Um tribunal egipcio tomou esta manhã a decisão. A justiça interdita assim todas as atividades da organização e confisca ao mesmo tempo todos os seus fundos e bens.

O tribunal ordenou ao governo o congelamento de todos os capitais da Irmandade.

Este é um passo decisivo na cisão da tensa sociedade egipcía e no retorno dos militares ao poder.

Ao mesmo tempo, a assembleia constituinte trabalha num projeto de emenda da constituição que poderá passar, segundo o porta-voz do comité constitucional, pela refundação integral da lei fundamental do Egito.

“A emenda poderá ser parcial ou total. Digo-vos que a perspetiva geral dentro do comité é para uma mudança total da constituição”, afirmou Mohamed Salmawy.

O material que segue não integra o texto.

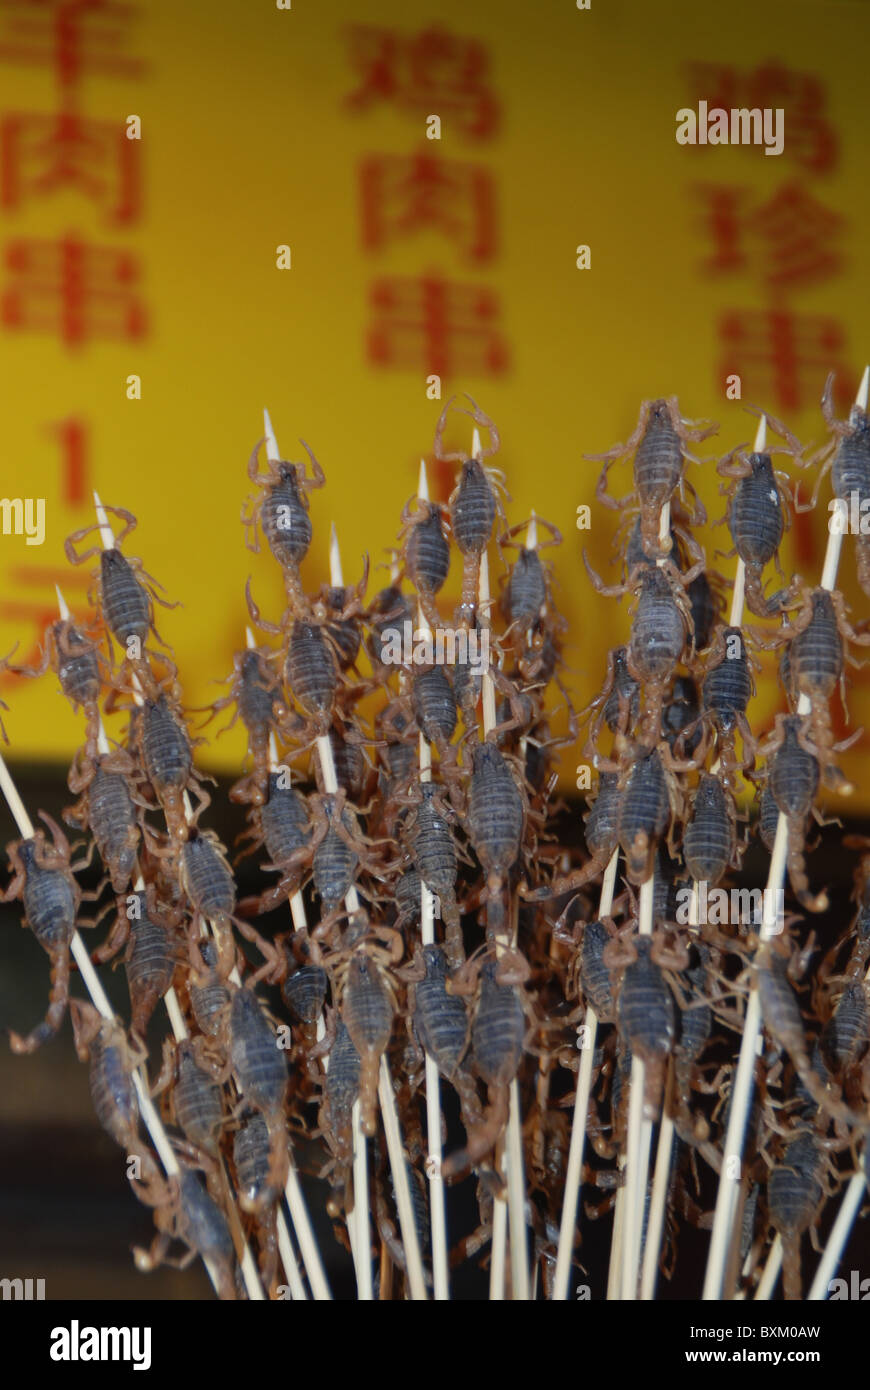 Marché alimentaire, des scorpions, des scarabées, la rue Wangfujing, Beijing, Chine Banque D'Images

Tudo está de novo em causa no Egito após dois anos e meio de revolução e da perda de milhares de vidas.

A violência continua diariamente. As forças da ordem são sistematicamente alvo de ataques. Em Kerdasa, nos arredores do Cairo, a esquadra da polícia está fortemente guardada depois de uma ataque no mês passado que matou 11 polícias.

As autoridades nao hesitam em afirmar que travam uma guerra contra os militantes islamitas. A Iramandade Muçulmana, que levou Morsi ao poder há um ano, é considerada um inimigo do Estado.